Мартынов смотрел на нее, улыбаясь, и говорил:

— Прекрасно вы смеетесь, прекрасно!.. Очень заразительно вы смеетесь.

Миновали татарскую деревню в сотню стареньких домишек, с лениво разлегшимися в сторонке бурыми буйволами, с полуголыми ребятишками, с небольшими клочками виноградников, с красным полотнищем перед сельсоветом. Около этой деревни был оползень, все стремившийся завалить шоссе. Человек десять с тачками работало тут, и шоссе справа обросло широкой насыпью из черной и жирной шиферной глины.

— Вы ведь не поверите, пожалуй, как и никто не верит, что лет двадцать назад я, только что с университетской скамьи, послан был в Крым умирать от чахотки, — сказал Мартынов Галине Игнатьевне.

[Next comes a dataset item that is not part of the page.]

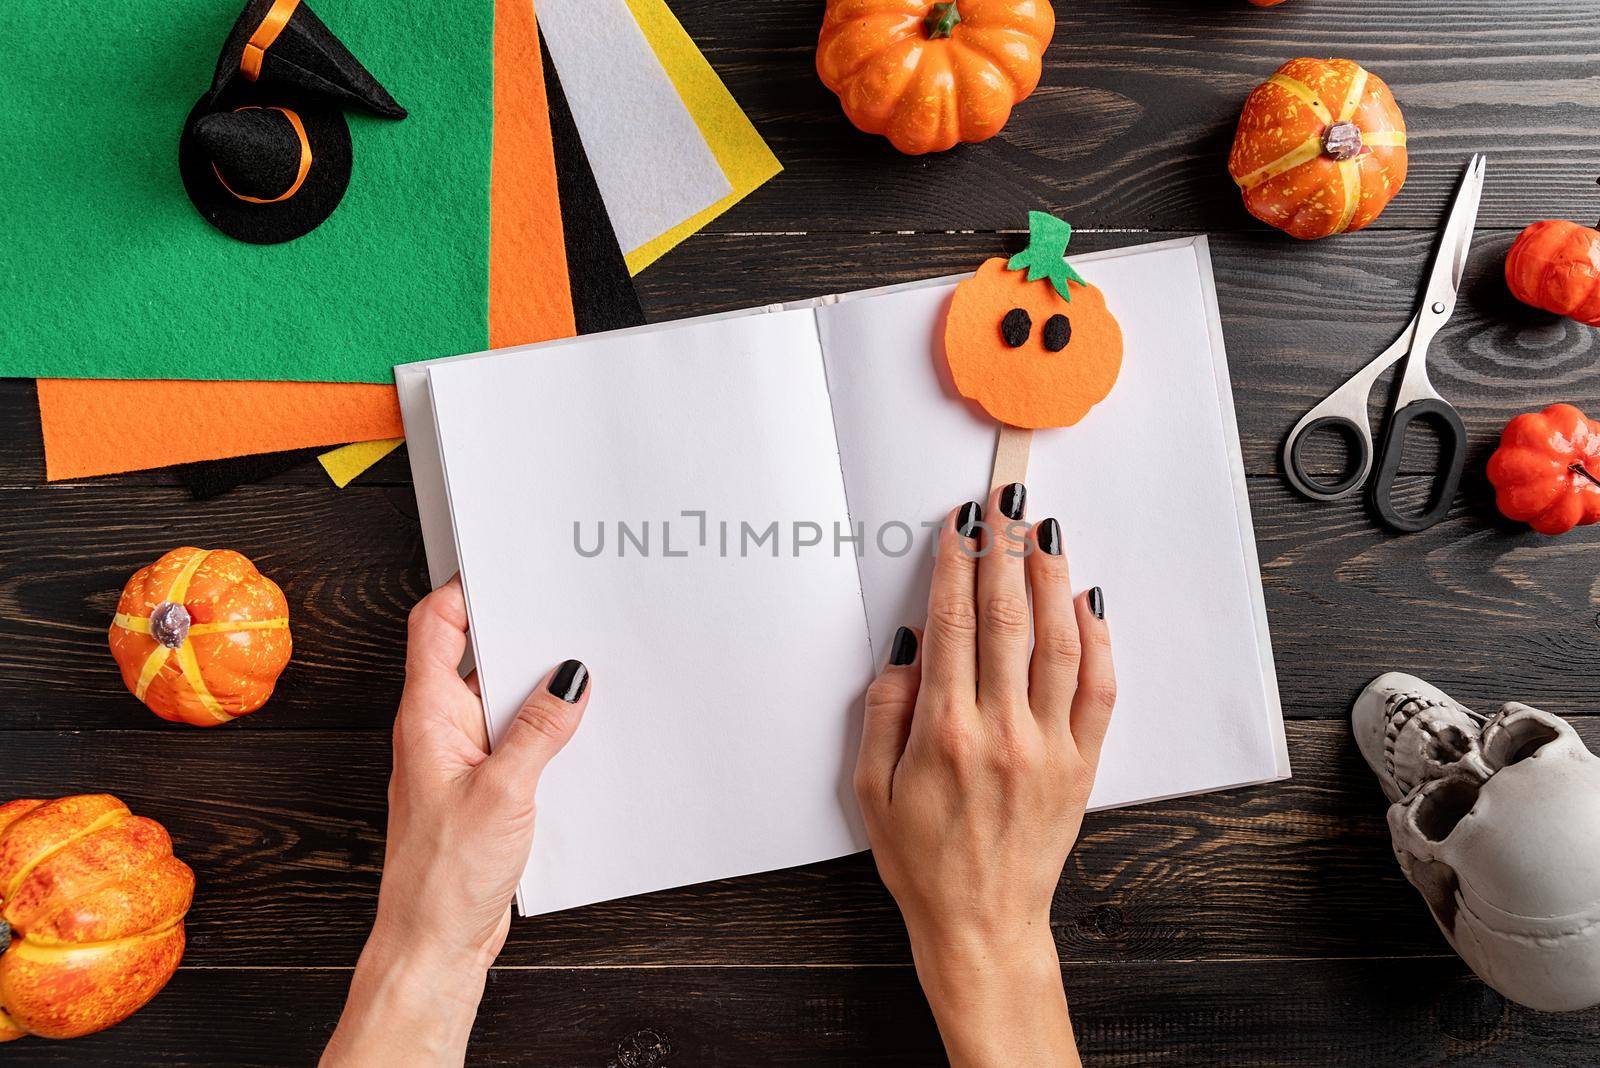 Happy Halloween concept. Making Halloween pumpkin bookmark craft. Woman hands with black nails holding pupmkin bookmark in a blank opened book.

— Вы-ы?.. Че-пу-ху мелете!

— Не чепуху — факт!.. Но кому же хочется умирать не живши? Я занялся спортом. Я не поэт там какой-нибудь и на море нежными глазами не глядел и не вздыхал… Я, знаете ль, окунулся в него с головой и поплыл… И плавал, и пла-вал, и пла-вал, как пароход… И вот, как видите, я благополучен. И когда я вижу туберкулезного, я говорю ему: спорт… Спорт или гибель, как вам будет угодно.

— Ха-ха-ха! Я теперь тоже буду давать такие советы туберкулезным в третьей стадии.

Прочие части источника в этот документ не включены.